In practice, modern diffusion models do not work directly in pixel space. Latent diffusion (the "Stable" in Stable Diffusion) compresses images into a much smaller latent representation using a pretrained autoencoder, then runs the diffusion process there. This is what made high-resolution generation practical — diffusing a 512x512 image in pixel space requires operating on 786,432 values per step, while the latent space might compress that to 64x64x4, or about 16,384 values. The autoencoder handles the mapping back to pixels at the end. DALL-E 3, Midjourney, Flux, and essentially every competitive image generator today uses some form of latent diffusion.

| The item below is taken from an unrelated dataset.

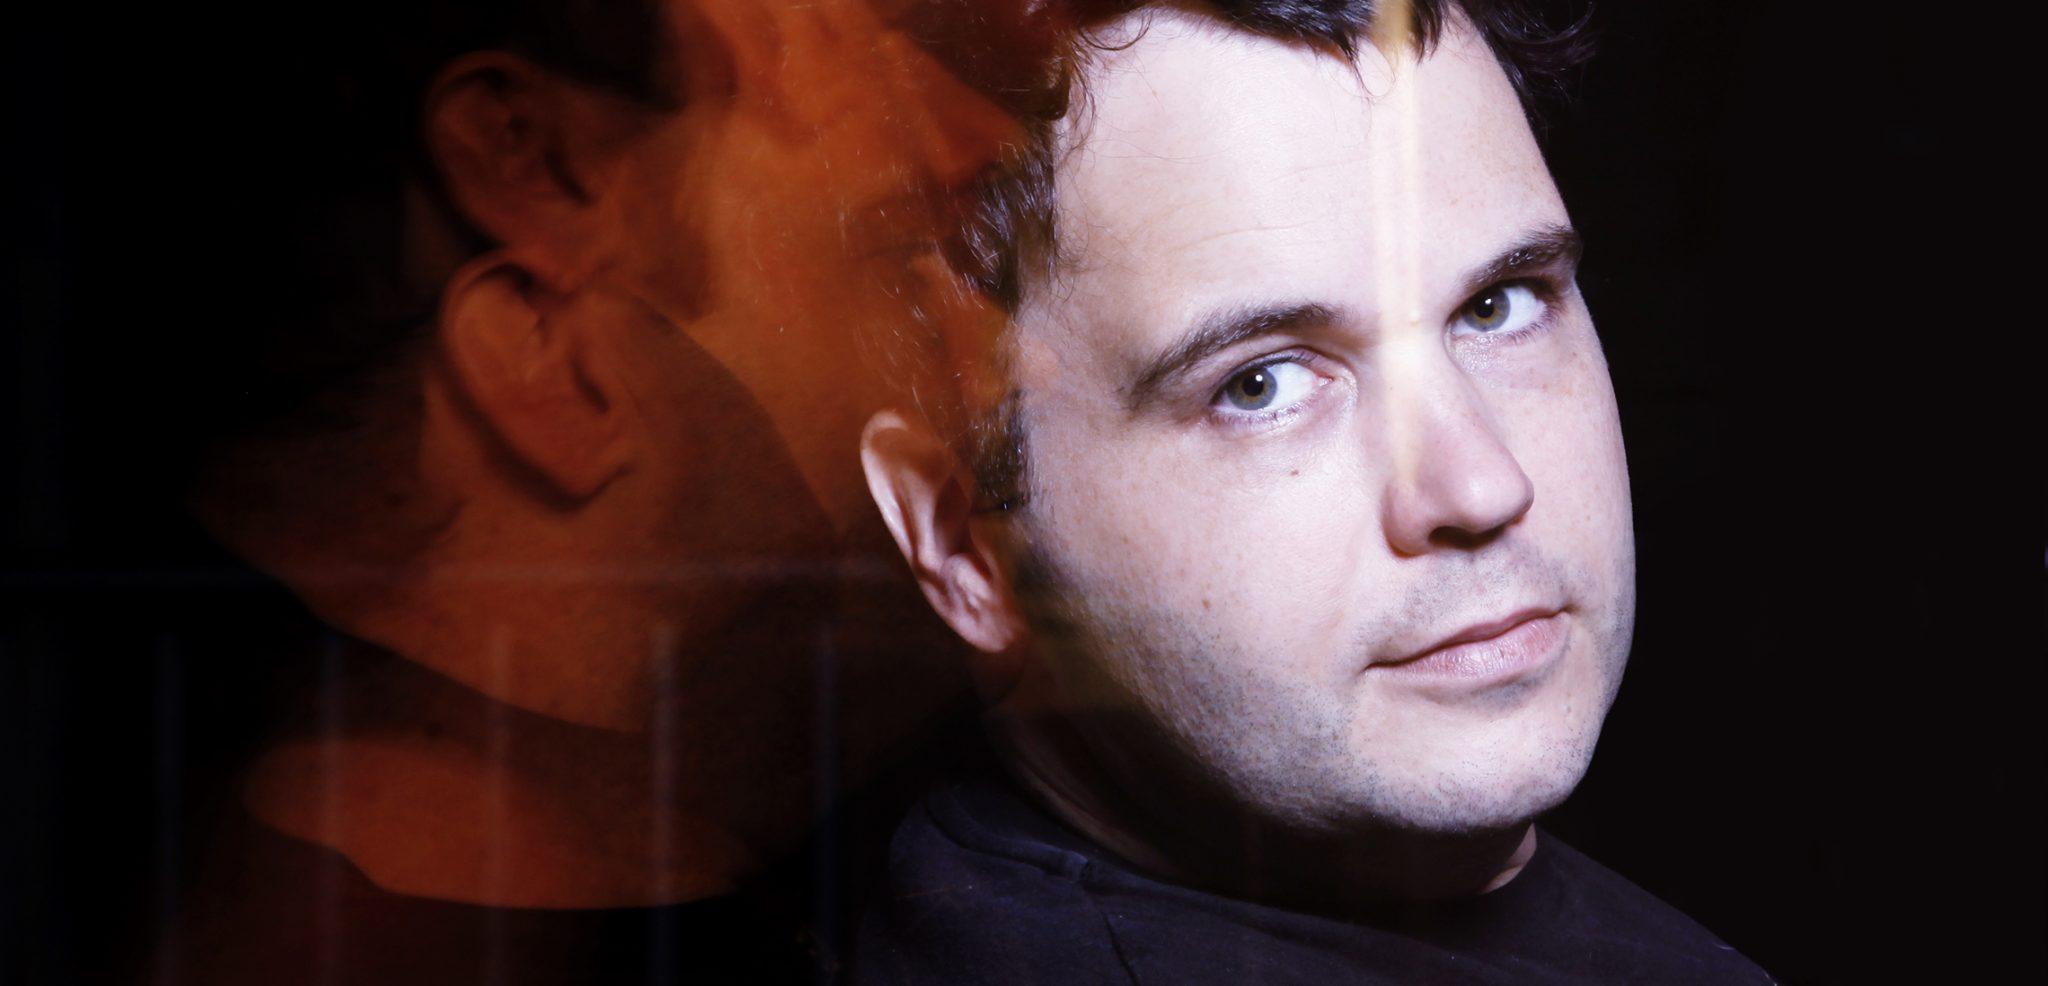 Ryan Murgatroyd - Something Said Remixes hero

Conditioning is how you steer the output. Text-to-image models encode your prompt using a text encoder (CLIP or T5, typically), then inject those embeddings into the denoising network via cross-attention at each step. Classifier-free guidance (CFG) is the trick that makes this work well — during training, the model occasionally drops the conditioning signal so it also learns unconditional generation. At inference, you compute both the conditioned and unconditioned predictions, then extrapolate away from the unconditioned one. Higher CFG scales mean the model follows your prompt more literally, but push too far and you get oversaturated, artifact-heavy images. This is that "guidance scale" slider you see in every diffusion UI.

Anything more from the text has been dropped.